_What is expected:_
Pictures in the listing should not be copied. Reproduce, word for word, each line from the one holding "Men's All Over Print Board Shorts, White" through the final line.

_Provided material:_
------------------------------------------------------------
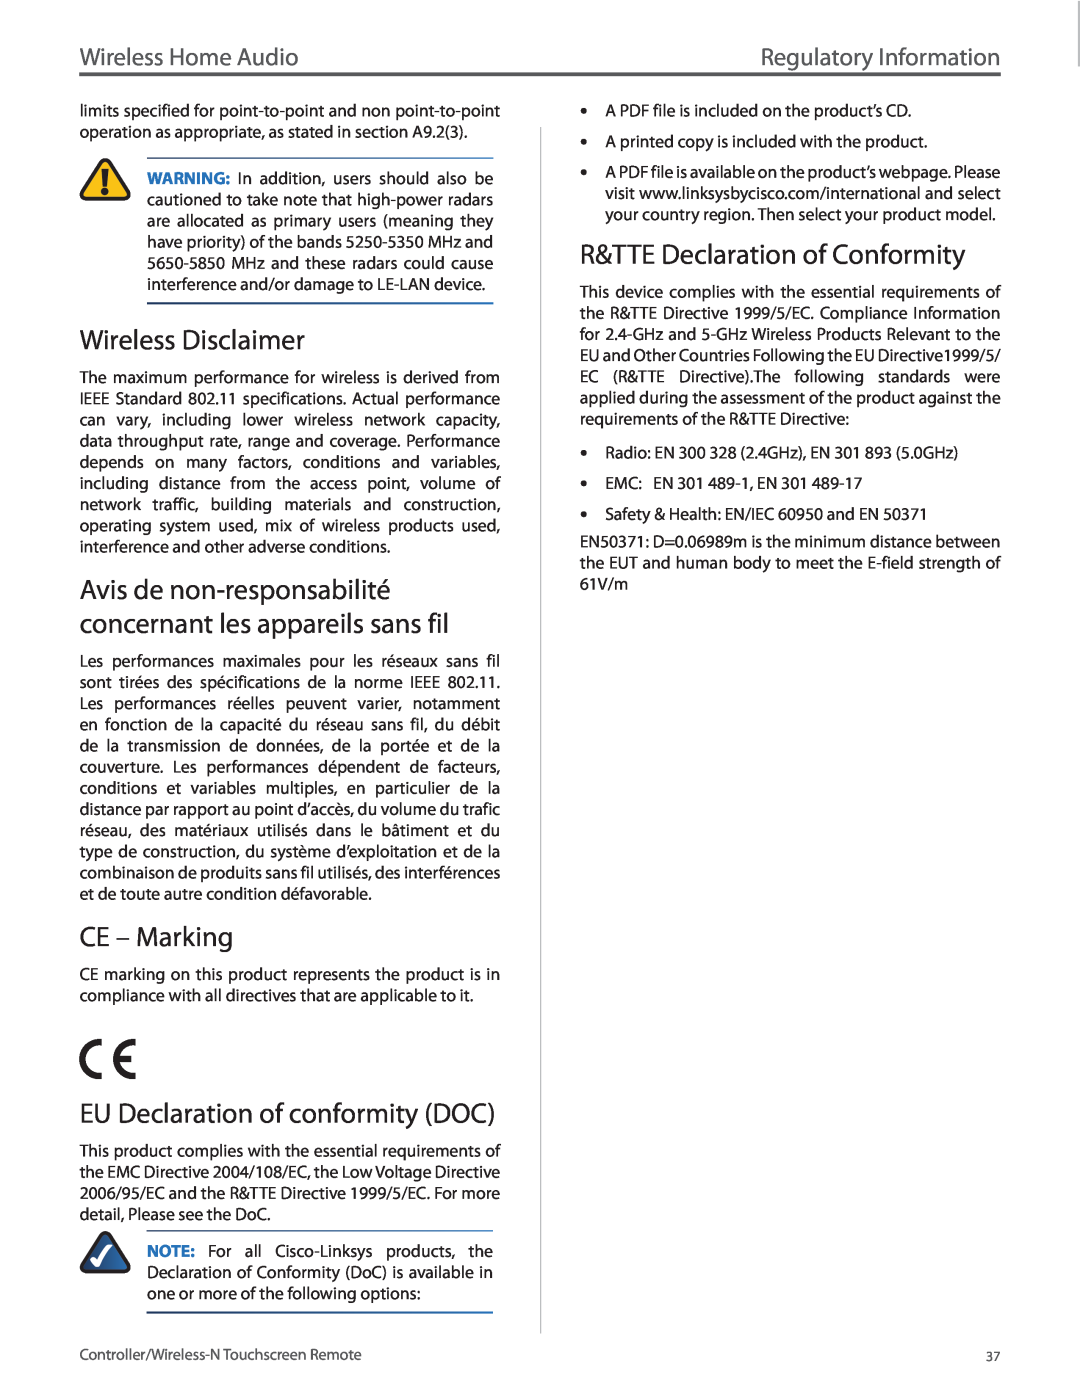 Linksys DMRW1000 Wireless Disclaimer, CE - Marking, EU Declaration of conformity DOC, R&TTE Declaration of Conformity 
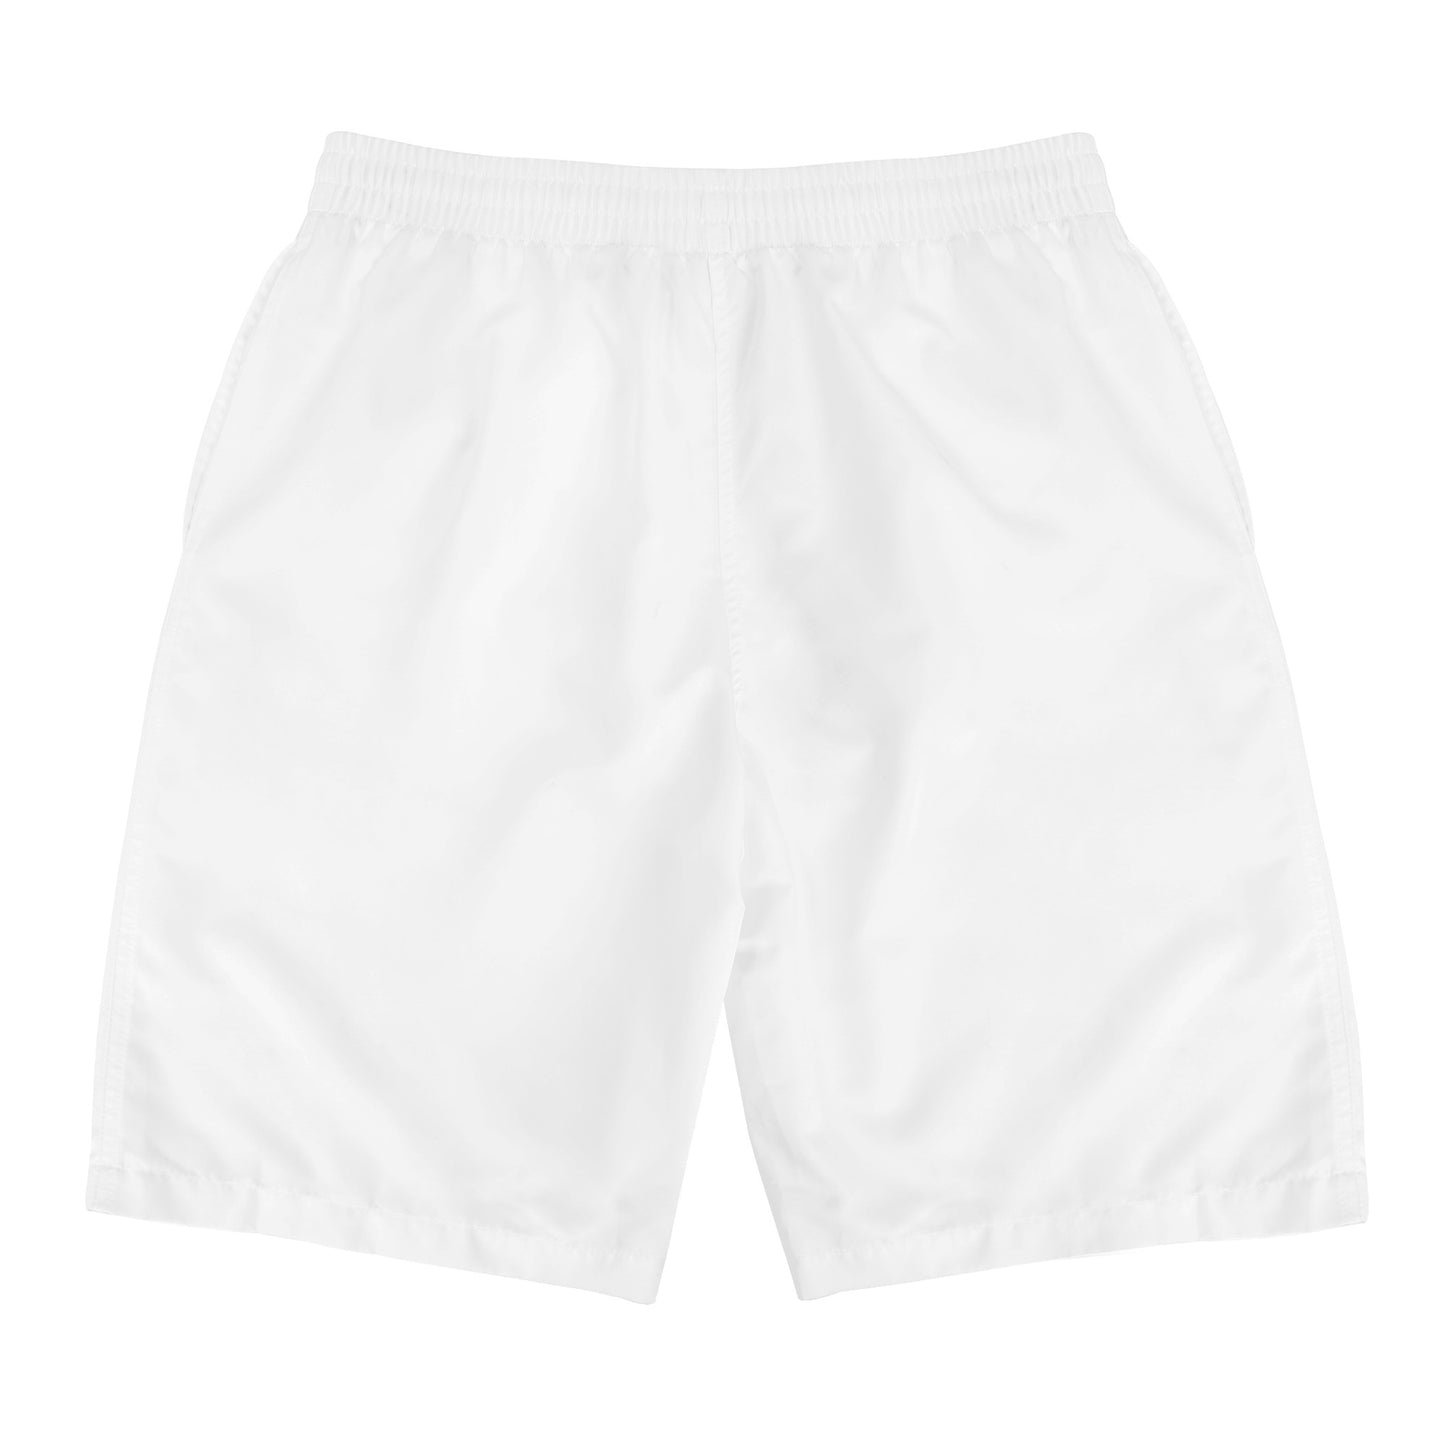 Men's All Over Print Board Shorts, White
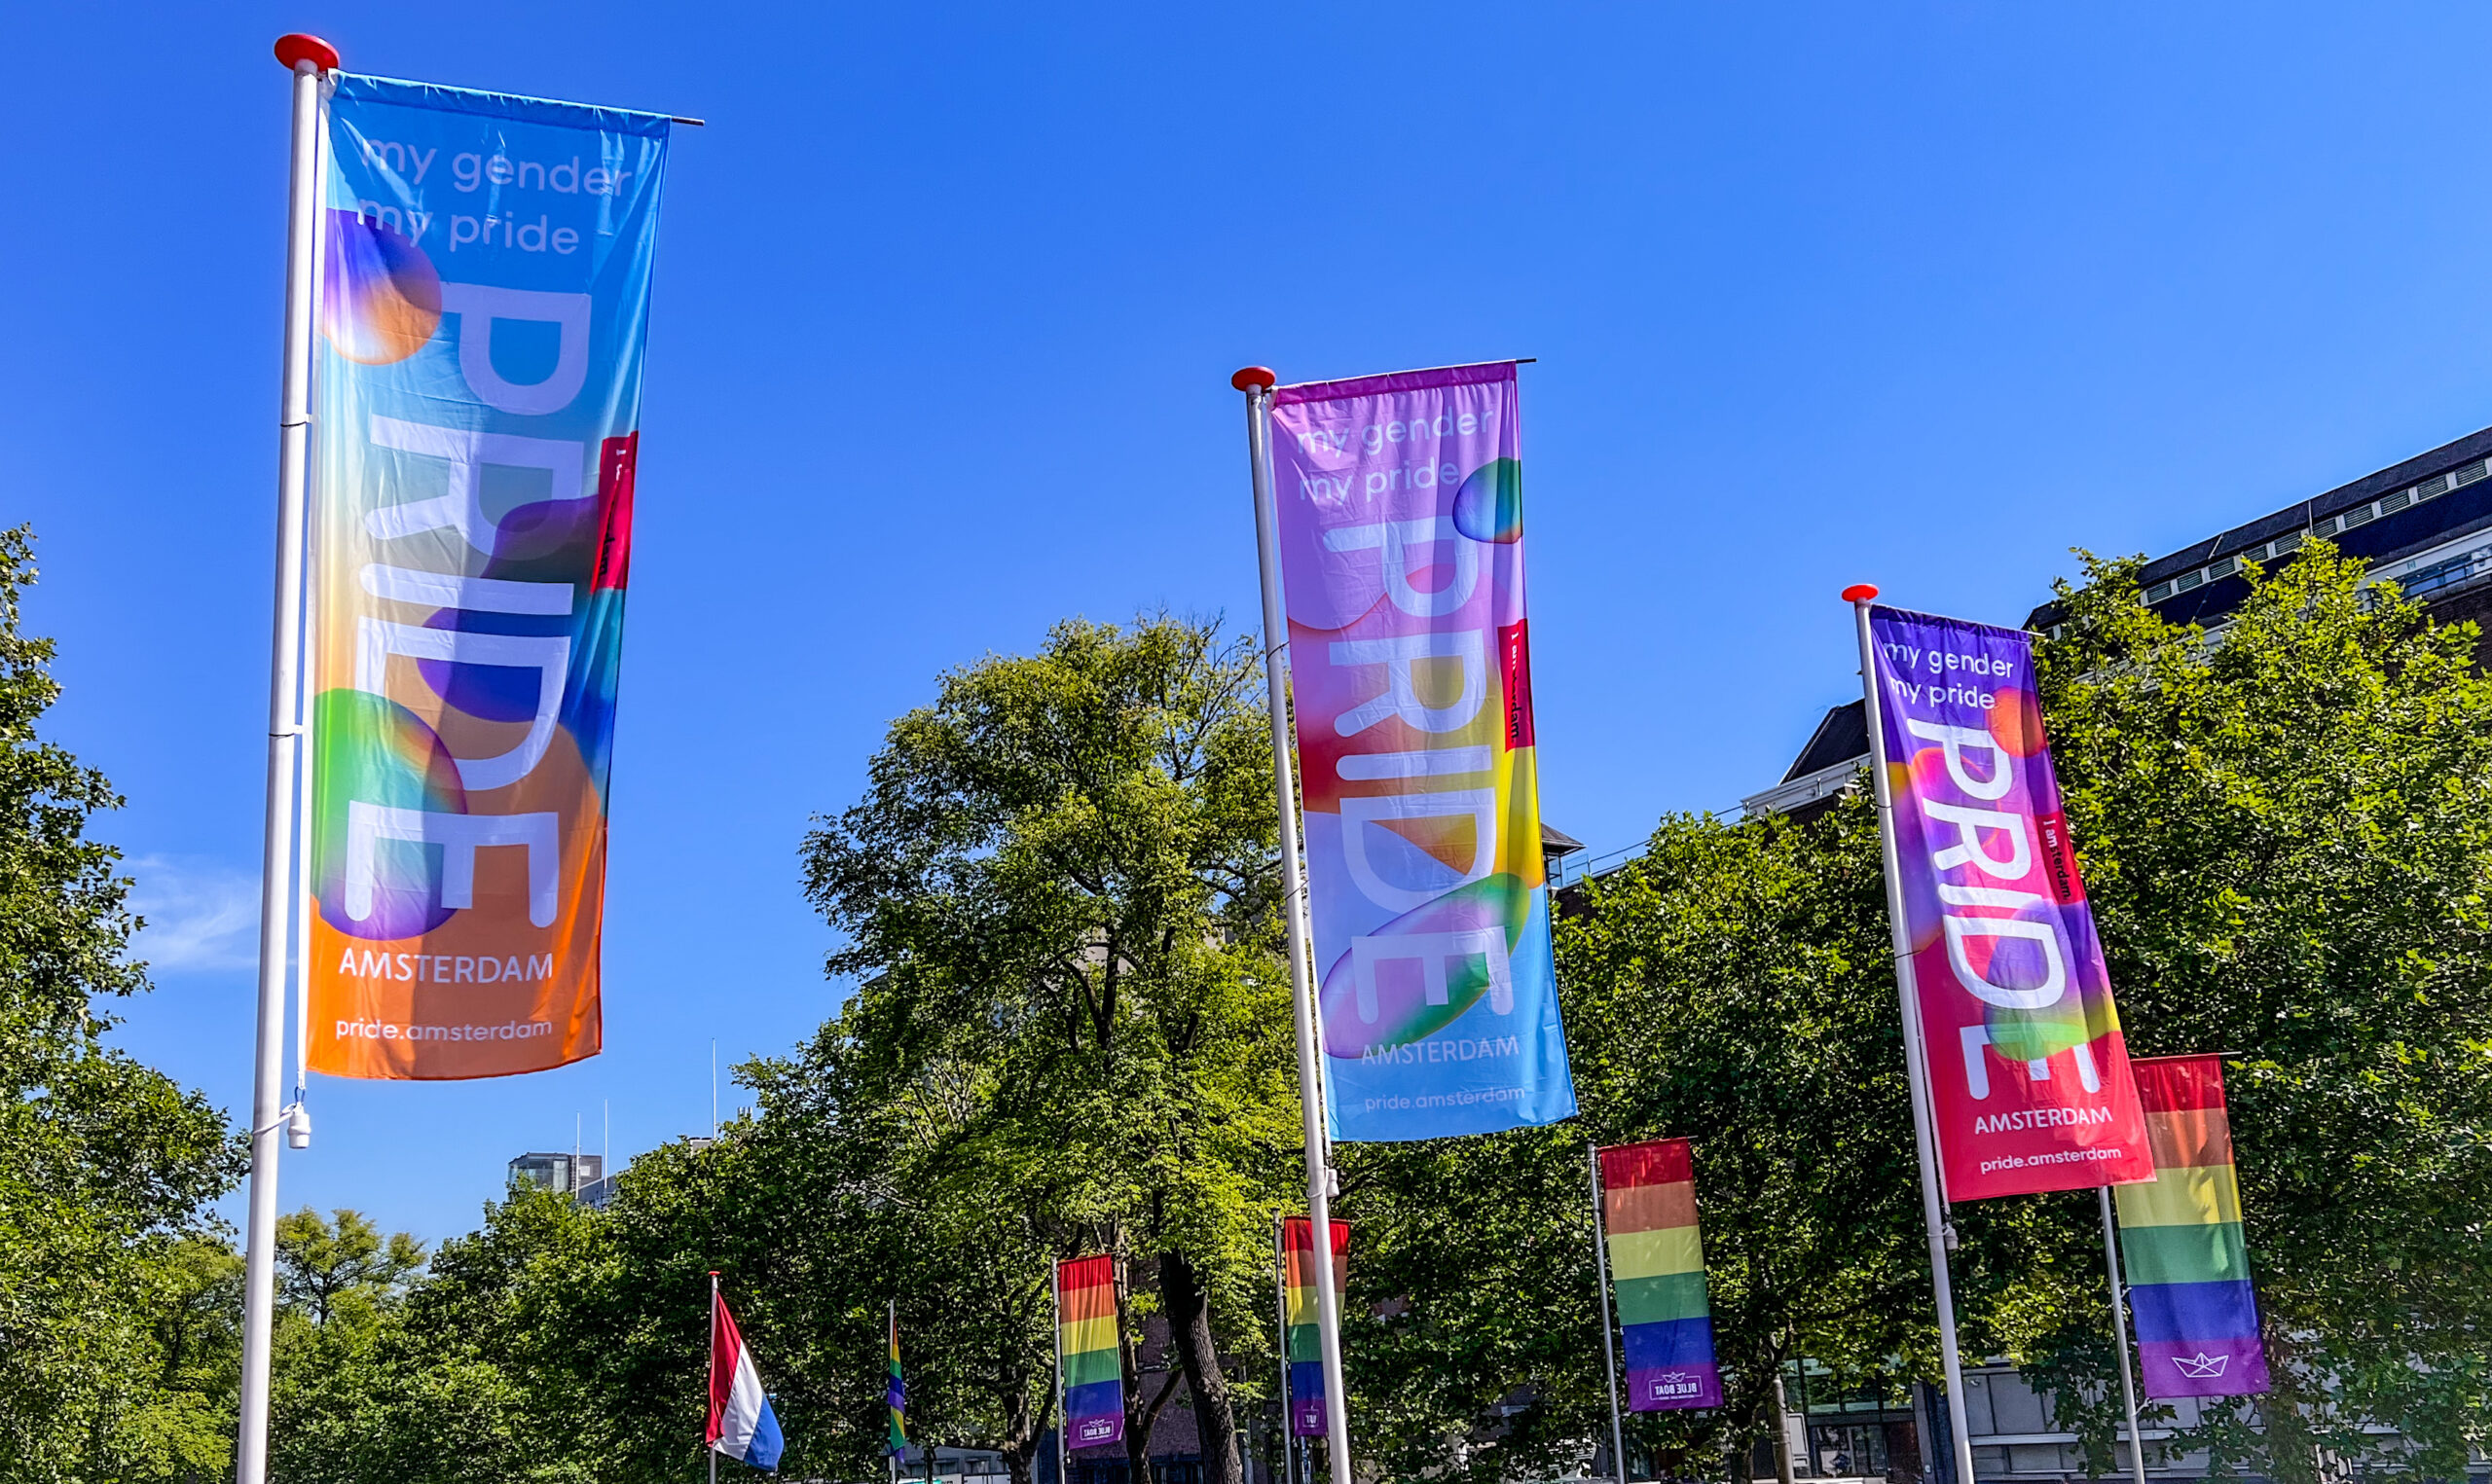 Pride 2022 flags in Amsterdam
------------------------------------------------------------
_Task solution:_
 Men's All Over Print Board Shorts, White
 Pride 2022 flags in Amsterdam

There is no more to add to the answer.